Find answers from the community

Updated last year

would it be possible to preprocess and

would it be possible to preprocess and post process the sources the retriever retrievers before sending them to the llm?
L
a
30 comments
For sure! This is what node postprocessors are for

You can implement a custom post-processor to modify nodes before sending to the LLM
https://gpt-index.readthedocs.io/en/latest/core_modules/query_modules/node_postprocessors/usage_pattern.html#custom-node-postprocessor

index.as_query_engine(..., node_post_processors=[DummyNodePostprocessor])
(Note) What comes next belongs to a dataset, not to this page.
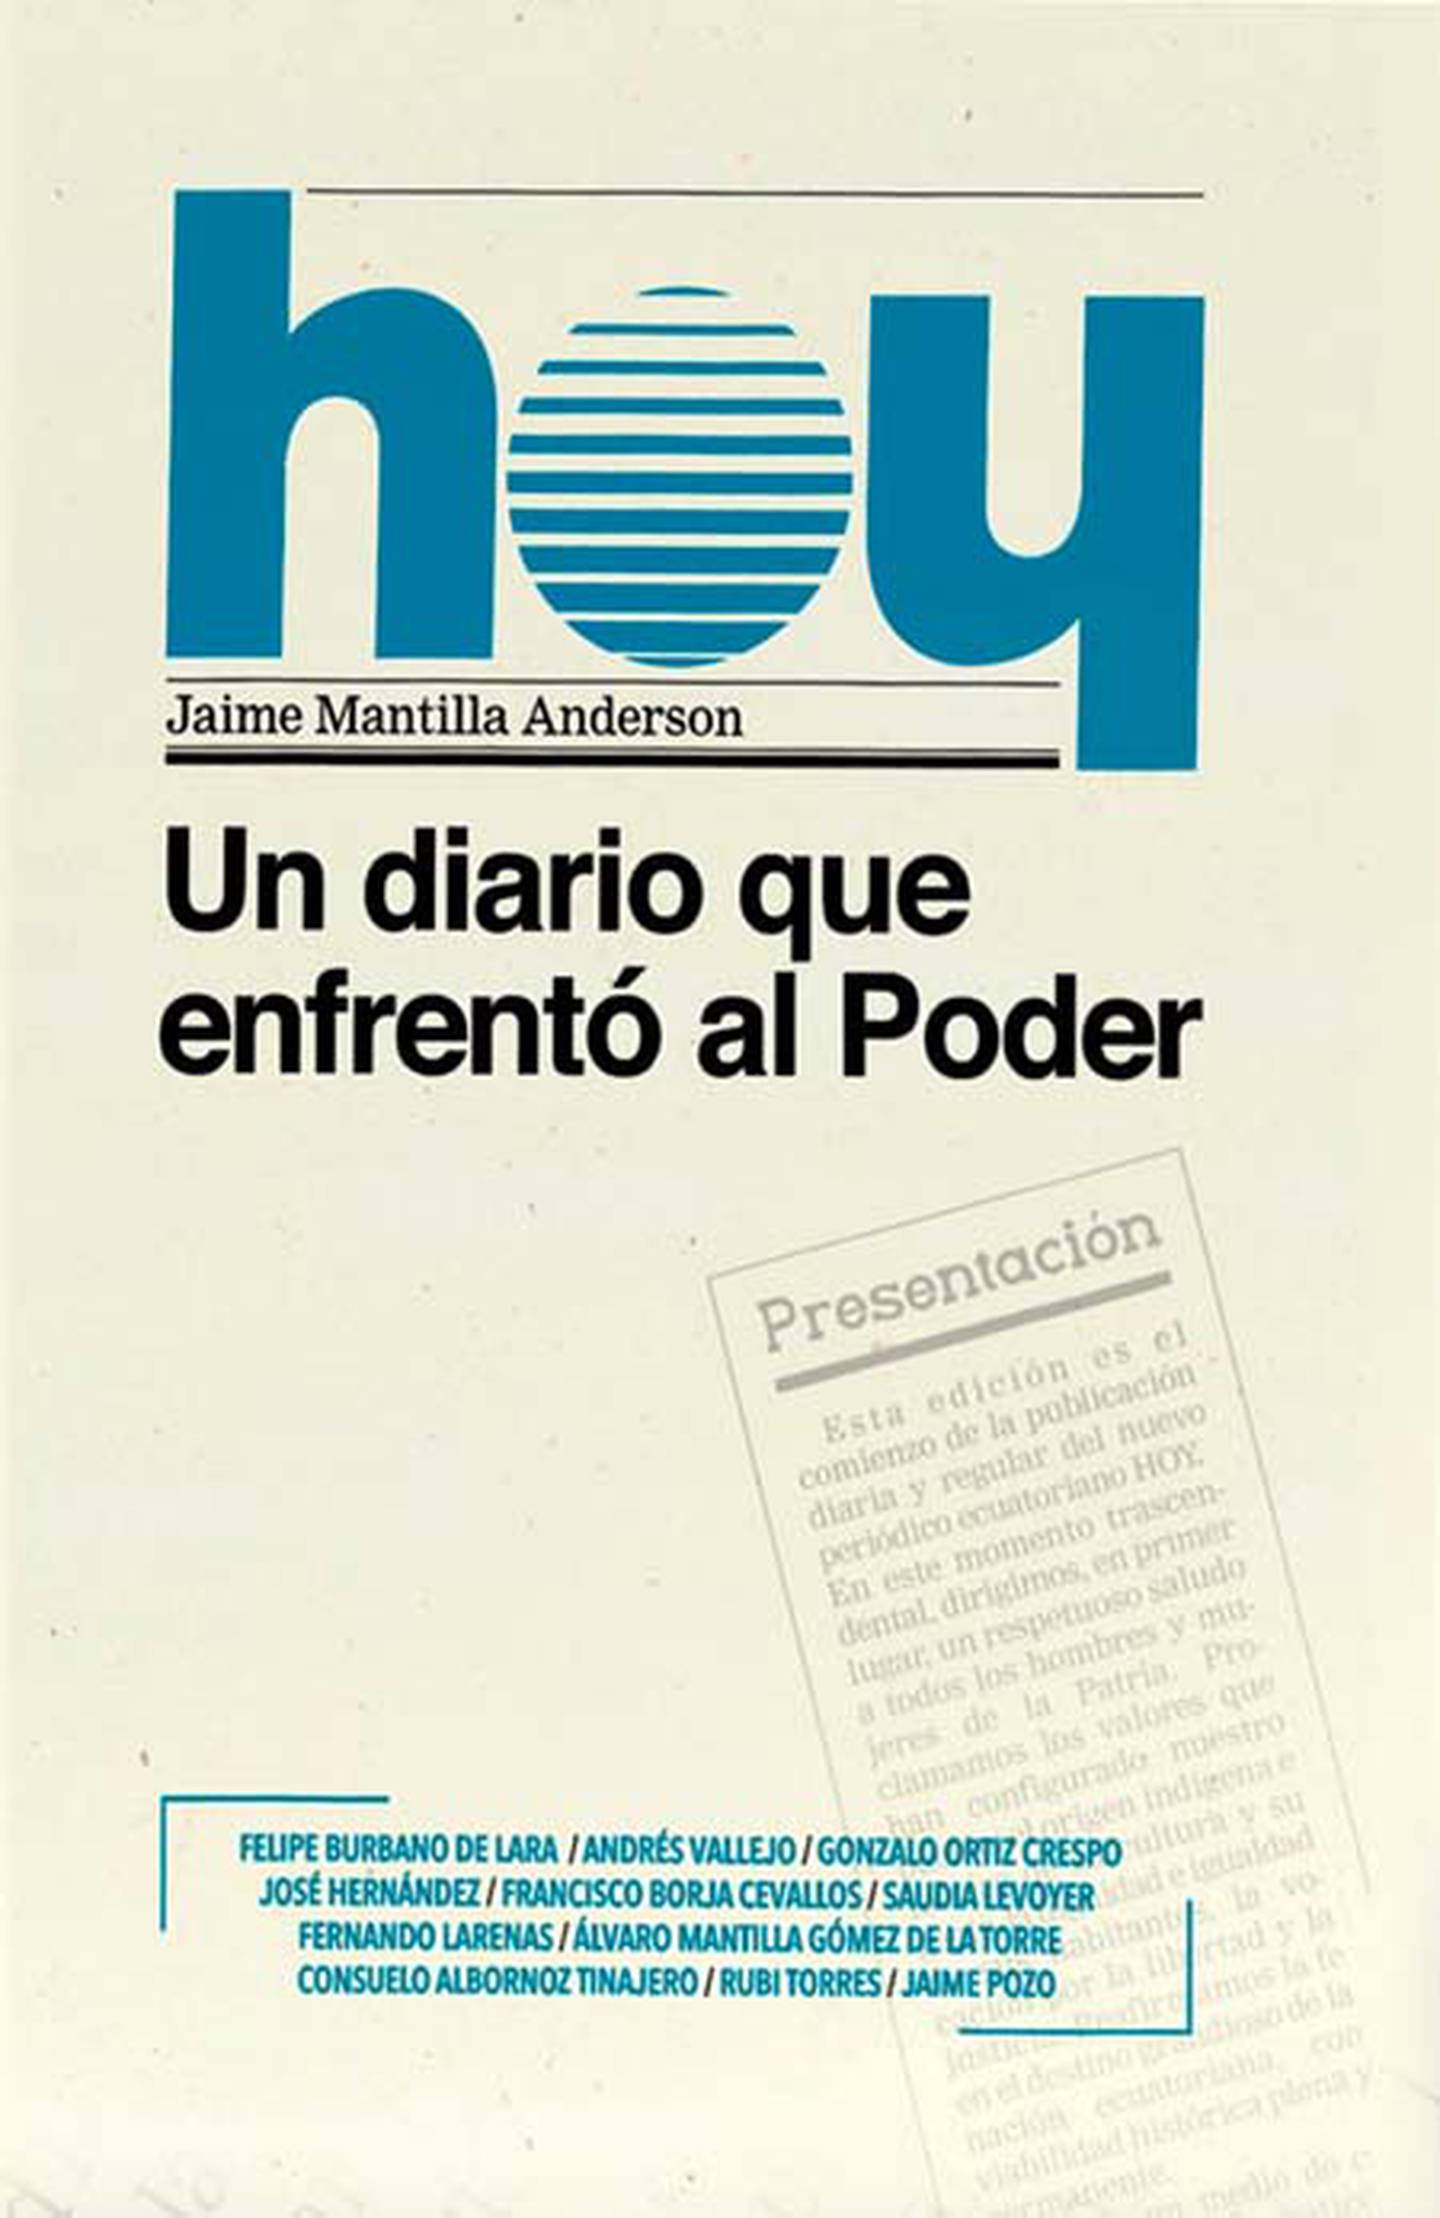 ‘HOY, un diario que enfrentó al poder’ se vende en Mr. Books, Librimundo, Librería Española , The Owl e la U. San Francisco

There are a few pre-made ones as well

https://gpt-index.readthedocs.io/en/latest/core_modules/query_modules/node_postprocessors/modules.html
Oh awesome thank you so much would i be able to create a custom one to say remove urls before processing and then add them back in after the llm generates a response
For example the test would be "blahblahbllahlink" to either remove the actual url and add it back in after or replace the url with a dummy url to be mapped and added back in after
yea that's definitely possible. The input is a list of source nodes, and the output has to be a list of source nodes, but you can do anything you want in the actual function
Awesome thank you so much I will let you know how it goes
sorry the from llama_index.indices.postprocessor does not have a base extension
from llama_index.indices.postprocessor.types import BaseNodePostprocessor
that should be the import
I created a class that I believe should be working "import re
from typing import Dict, List, Optional
from llama_index import QueryBundle
from llama_index.indices.postprocessor.types import BaseNodePostprocessor
from llama_index.schema import Node, NodeWithScore


class URLReplacementPostprocessor(BaseNodePostprocessor):
urlpattern = re.compile(r'http[s]?://(?:[a-zA-Z]|[0-9]|[$-@.&+]|[!*\(\),]|(?:%[0-9a-fA-F][0-9a-fA-F]))+')
dummy_variable = "URLPLACEHOLDER{}"

def init(self):
# A dictionary to store original URLs based on their dummy representation
self.global_url_map: Dict[str, str] = {}

def postprocess_nodes(
self, nodes: List[NodeWithScore], query_bundle: Optional[QueryBundle] = None,
) -> List[NodeWithScore]:

for n in nodes:
# Find all URLs in the node content
urls = self.url_pattern.findall(n.node.text)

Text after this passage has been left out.